Rechtsextreme Mutter klagt wegen übler Nachrede: Verfahren eingestellt

Erstveröffentlicht: 
13.06.2016

Ein erbittert geführter Streit zwischen zwei Müttern endete jetzt vor dem Landgericht in Ellwangen mit einer Einstellung des Strafverfahrens.

 

In der Waldorfschule in Crailsheim schlug im Dezember 2014 ein HT-Bericht haushohe Wellen: In der Bildungsstätte drückten zwei Kinder aus Wolpertshausen die Schulbank, deren 36 Jahre alte Mutter nicht nur mehrfach bei Wahlen für die NPD kandidiert hatte, sondern auch im Zusammenhang mit der NSU-Mordserie von der Polizei vernommen wurde  – unvereinbar mit dem Weltbild einer Waldorfschule, befanden die Gremien der Privatschule, kündigten den Vertrag mit den Eltern und schlossen die beiden Kinder vom Unterricht aus.

 

Kind mit „Backpfeifen“ drangsaliert

 

Mit Vehemenz hatte auch eine 49 Jahre alte Frau aus Crailsheim auf diese Entscheidung der Waldorfschule gedrängt.

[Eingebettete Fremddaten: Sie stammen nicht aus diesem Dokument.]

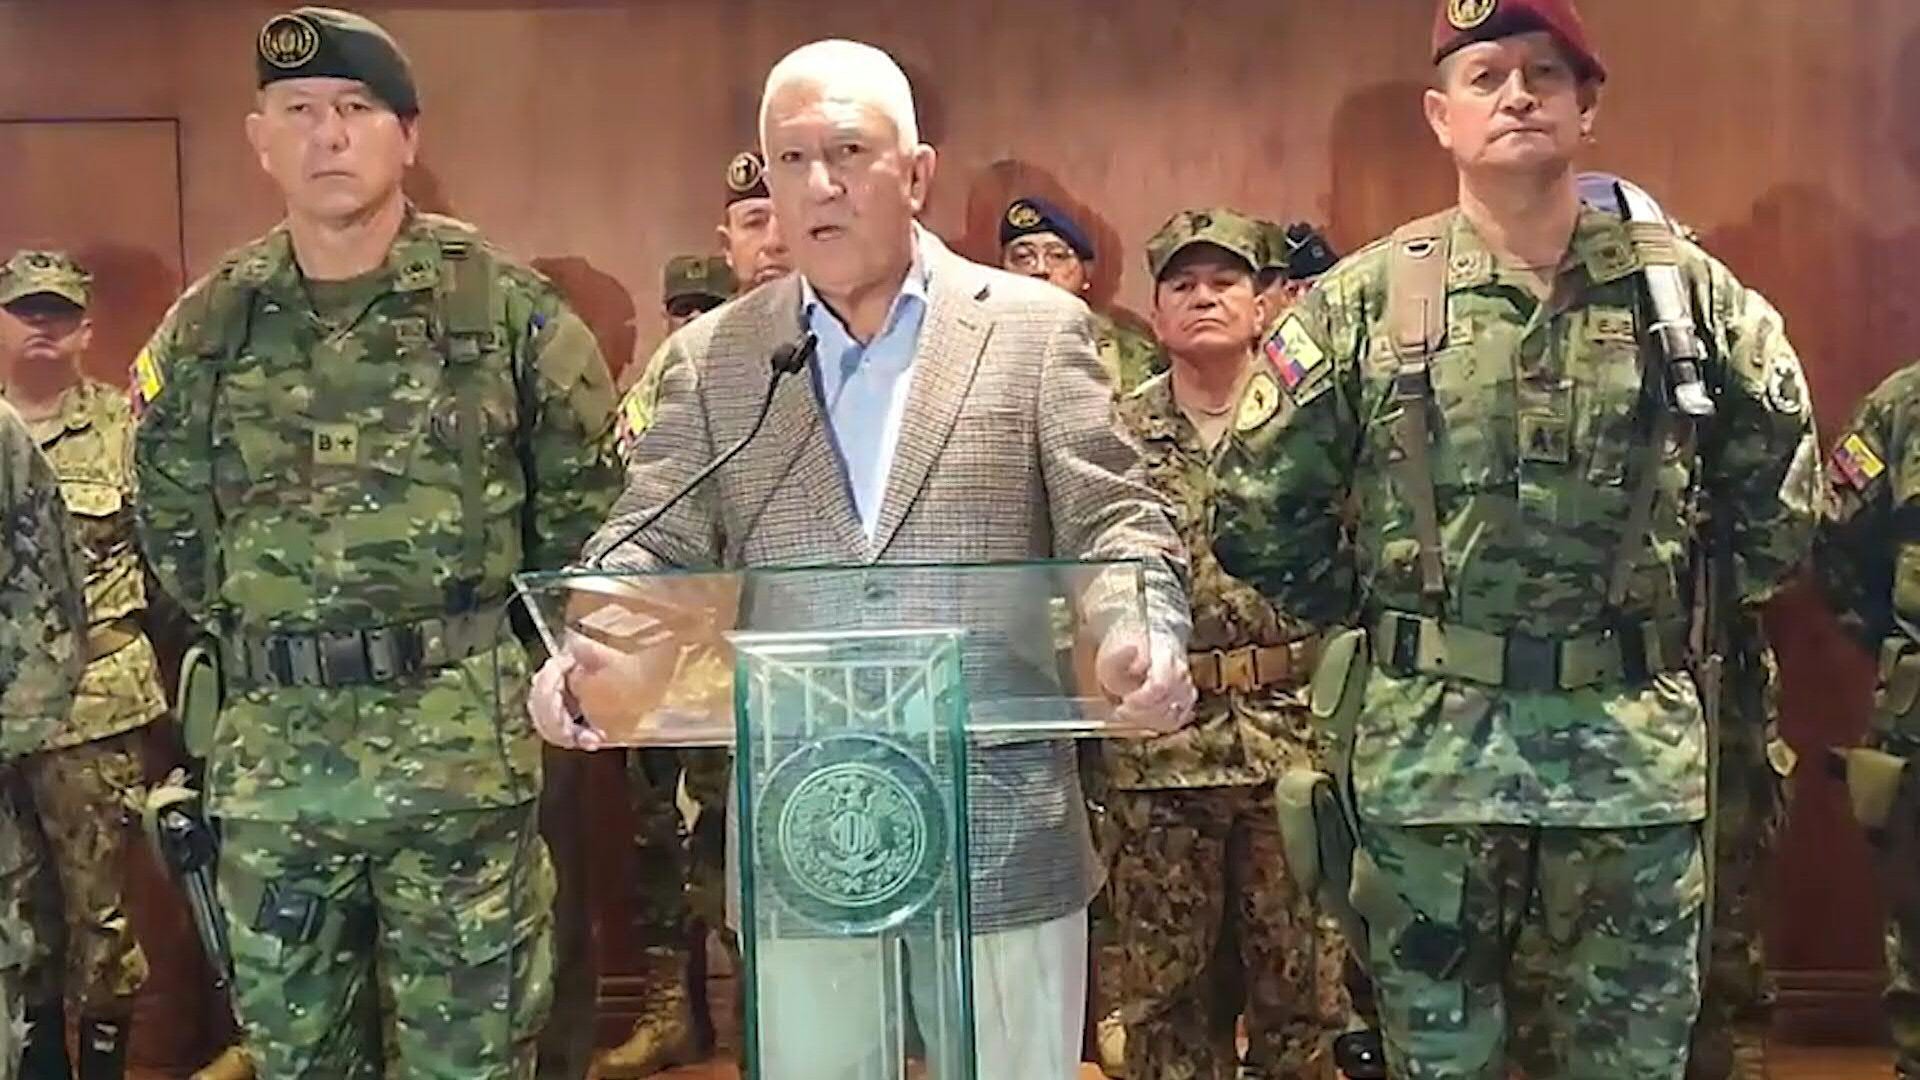 El ministro de Defensa de Ecuador, Luis Lara, dijo que las Fuerzas Armadas "no permitirán que se intente romper el orden constitucional o cualquier acción contra la democracia", tras nueve días de protestas de indígenas contra el gobierno

Nach der Lektüre des Artikels stand für sie fest, warum ihre dunkelhäutige Tochter in der 3. Klasse immer wieder von der Tochter der rechtsextremen Frau drangsaliert wurde: Ihr Kind sei als „Affe“ geschmäht, bespuckt und mit „Backpfeifen“ drangsaliert worden.

 

Die Mutter mit dem rechtsextremen Weltbild konterte mit einer Anzeige wegen übler Nachrede: Die Kontrahentin habe nämlich auch die Behauptung in die Welt gesetzt, dass ihr farbiger Ex-Mann vier Jahre zuvor in Crailsheim von „Nazis“ verprügelt worden sei – und zwar im Auftrag des Ehepaares aus Wolpertshausen, das mittlerweile wieder aus der NPD ausgetreten ist.

 

Berufung gegen Urteil

 

Ein erster Strafprozess vor dem Amtsgericht in Crailsheim endete im November 2015 mit einer Geldstrafe in Höhe von 1000 Euro. Die Strafe für eine „infame Lüge“ aber wollte die 49-Jährige, die ihre Tochter ebenfalls von der Waldorfschule abgemeldet hat, nicht auf sich sitzen lassen und legte beim Landgericht in Ellwangen Berufung gegen das Urteil ein.

 

Über weite Strecken hinweg verlief der Prozess vor der 4. Berufungskammer unter dem Vorsitz von Richter Jochen Fleischer auf denselben Bahnen wie in Crailsheim: Eine Nachbarin versicherte erneut, dass ihr die Angeklagte zweimal berichtet habe, dass das rechtsextreme Ehepaar hinter dem Angriff auf ihren Ex-Mann stecke – ein Vorwurf, den die Frau mit derselben Entschiedenheit wie in der ersten Instanz zurückwies.

 

Weitere Belege für die umstrittene Behauptung gab es indes nicht: Auch die frühere NPD-Anhängerin blieb wiederum vage, als sie vom Verteidiger Christos Psaltiras hartnäckig nach weiteren Zeugen gefragt wurde.

 

Und je intensiver das Gericht und Oberstaatsanwalt Peter Staudenmaier Licht in die aufgeregten Zeiten im Umfeld der Waldorfschule bringen wollten, desto mehr verschwanden die Fakten im Nebel: Wer was wann zu wem bei welcher Gelegenheit gesagt hat –  dieses Dickicht an völlig widersprüchlichen Aussagen auch im Vergleich zu den polizeilichen Protokollen blieb für das Gericht völlig undurchdringbar.

 

Verfahren in zweiter Instanz eingestellt

 

Richter Jochen Fleischer sah letztlich keine Anhaltspunkte für eine „Verschwörung“ gegen die Angeklagte, hielt es aber für sehr wahrscheinlich, dass „in einer hoch emotional geführten Diskussion die eine oder andere Sache vielleicht überinterpretiert wurde“. Seine  Lösung des juristischen Problems: Das Verfahren wird eingestellt, die Angeklagte übernimmt das Honorar ihres Anwalts und ansonsten trägt die Staatskasse die Verfahrenskosten.